§ **TASK**: Among the entries below, extract exactly the lines that run from the one with "Птица охотник - Фото мир природы" through the one with "Auto Dealer Business", both ends included.

====== RAW DATA ======

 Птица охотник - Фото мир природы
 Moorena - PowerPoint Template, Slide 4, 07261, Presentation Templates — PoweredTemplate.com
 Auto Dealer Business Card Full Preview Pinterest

======
====== RAW DATA ======

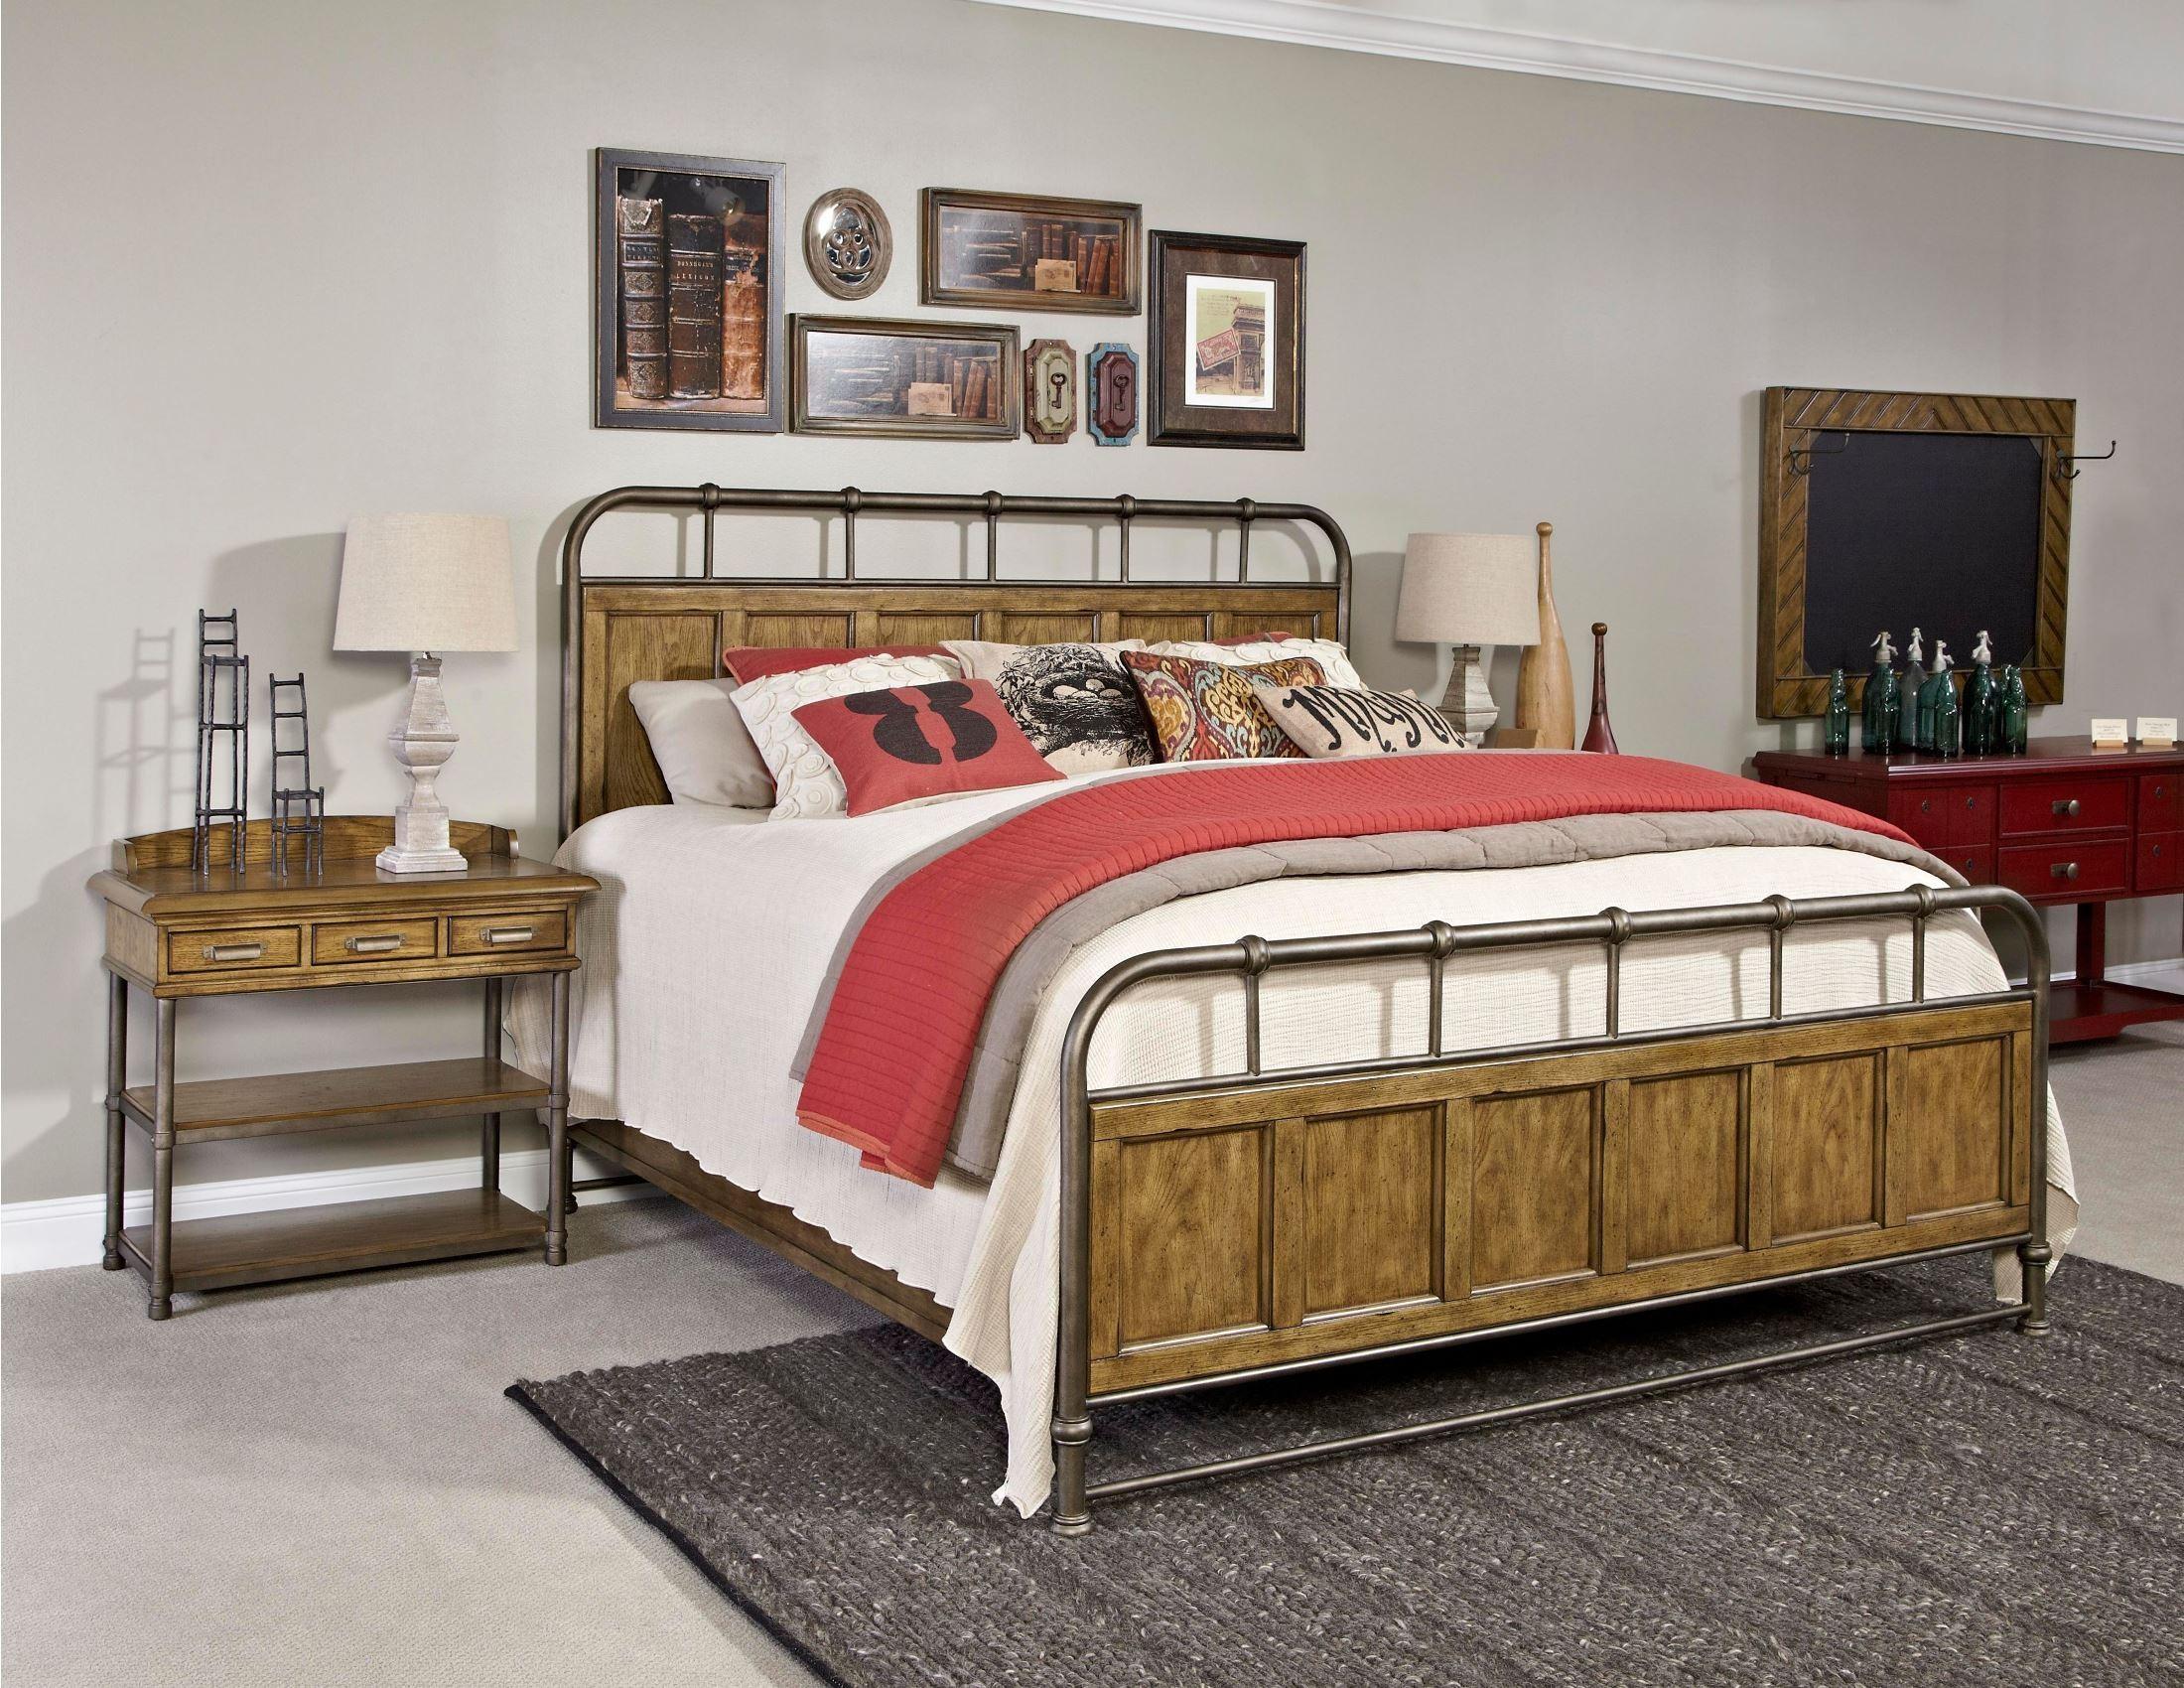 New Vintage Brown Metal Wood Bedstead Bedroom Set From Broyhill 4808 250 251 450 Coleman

======
====== RAW DATA ======

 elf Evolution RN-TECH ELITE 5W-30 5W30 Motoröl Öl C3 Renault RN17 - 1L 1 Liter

======

§ **SOLUTION TO THE PROBLEM**:
 Птица охотник - Фото мир природы
 Moorena - PowerPoint Template, Slide 4, 07261, Presentation Templates — PoweredTemplate.com
 Auto Dealer Business Card Full Preview Pinterest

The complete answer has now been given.